Он ожидал увидеть в ее глазах презрение, ненависть, гадливость, жалость на худой конец… Но Анна смотрела иначе. Как на мужчину. На мужика, на самца… Как смотрела когда-то, когда они только встречались до свадьбы. Или когда вернулась после первого своего загула…
Александр в смятении опустил взгляд. Показалось, наверное, подумал, не может она и впрямь так смотреть на него в нынешнем виде, да к тому же после того, что видела только что.
— Харченко, на кого ты стал похож, — тоскливо проговорила Анна. — Вспомни, каким ты был!..
— Зато ты не меняешься, — буркнул Александр. — Ни в душе, ни снаружи. Вон какая эффектная…
И опять не удержался, взглянул на нее. Снова удивился: Анна отреагировала на его слова, как на самый изысканный комплимент. Чуть обозначилась в уголках губ счастливая улыбка.
— Садись, чего стоишь?
— Запачкаю…
— Садись, чего уж там.
Александр опустился на уголок мягкого стула. Достал из кармана сомнительной свежести носовой платок, вытер пот со лба. Чувствовал он себя сейчас очень неуютно.

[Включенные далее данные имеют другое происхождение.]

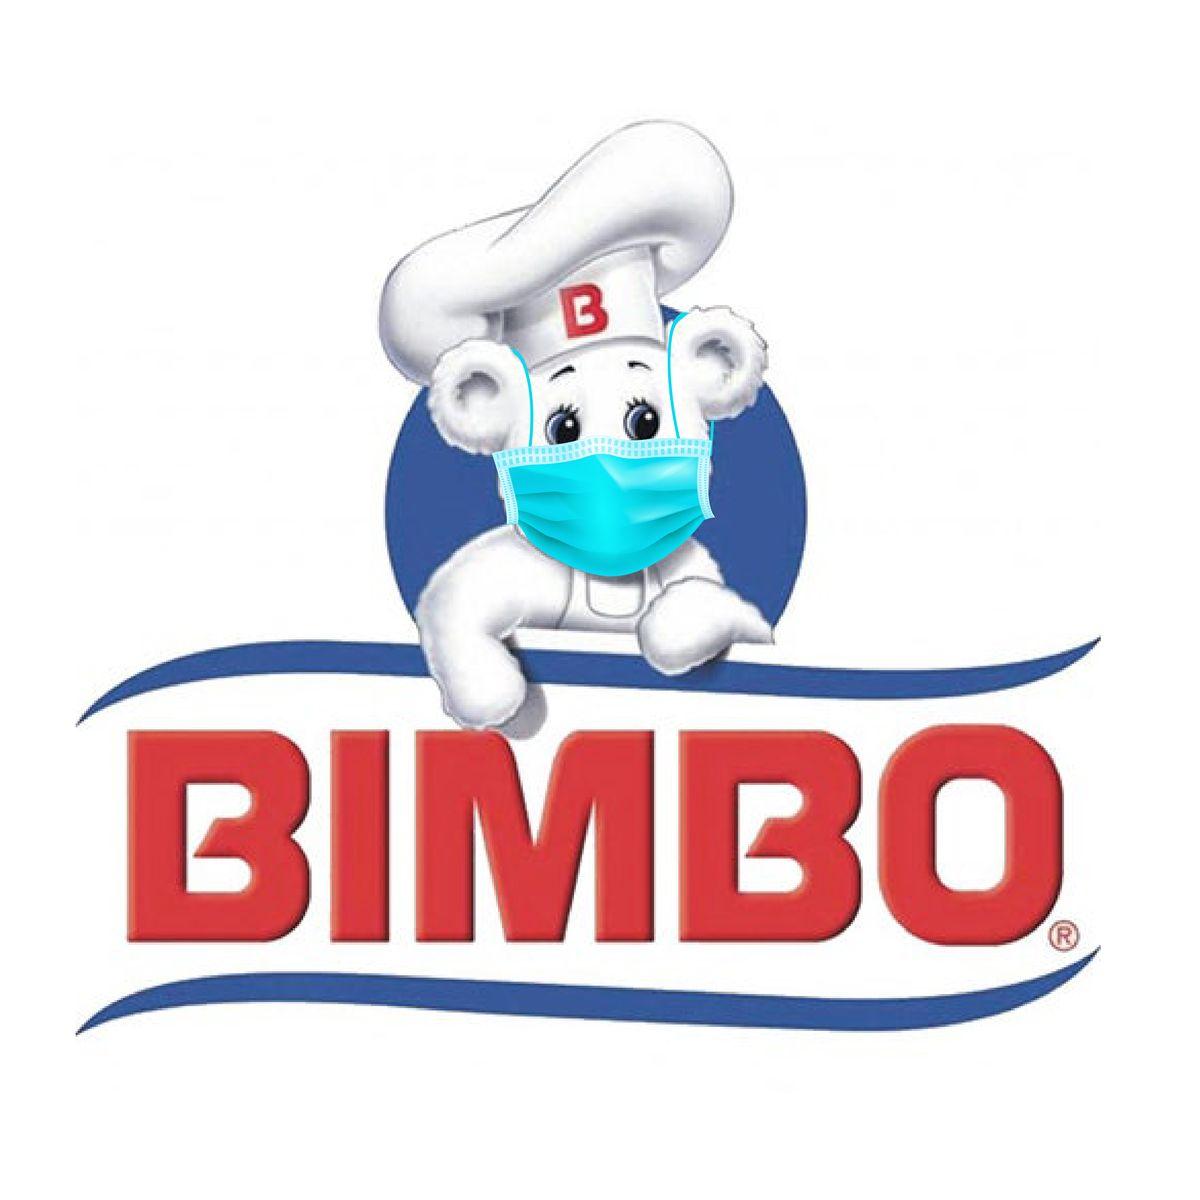 Osito Bimbo

— Гляди-ка, какая интеллигентная у нас пьянь пошла, — съязвила высокомерно Анна. — Як то кажуть на неньки Украини, у кишени хусточку мае, — добавила почему-то по-украински. И поинтересовалась: — Я правильно сказала «в кармане платочек носит»?..
— Зачем звала? — Он оборвал ее резко, едва ли не грубо.
Анна не ответила. Поднялась, прошла по кабинету к холодильнику-бару.
— Выпьешь?
Бывшая жена не переставала удивлять оставленного мужа. Тот вскинул на нее глаза. Уставился недоумевающе. Анна держала в руках, показывая ему, какую-то большую импортную бутылку и пузатый бокал.
Александр опять опустил голову. Решительно мотнул, отказываясь, нечесаными лохмами:
— Я уже…
— Наташка, что ли, налила, в благодарность за труды, так сказать? Или до того, авансом, в компенсацию за будущие затраты энергии?..
Это был уже перебор. Харченко решительно поднялся:
— Мы с тобой, Анна, уже давно разошлись. Вернее, ты от меня ушла. А поэтому я… это самое… встречаюсь с кем хочу и занимаюсь с ними… этим самым… где и когда сочту нужным…
Оборвавший его голос казался неоправданно громким:
— Только не на рабочем же месте!
— От души надеюсь, что, по нашему старому знакомству, Наташке данное нарушение трудовой дисциплины простится… У тебя ко мне все?
Ответа не было. Анна через весь кабинет направилась к Александру. Не поднимая головы, он видел, как приближаются ее стройные ноги. Эксжена шла легко, словно манекенщица, утопая туфлями в пышном ворсистом покрытии, далеко занося ступни одна за другую. Покачивала соблазнительно при каждом шаге бедрами. Поставила по пути бутылку на стол. Подошла вплотную…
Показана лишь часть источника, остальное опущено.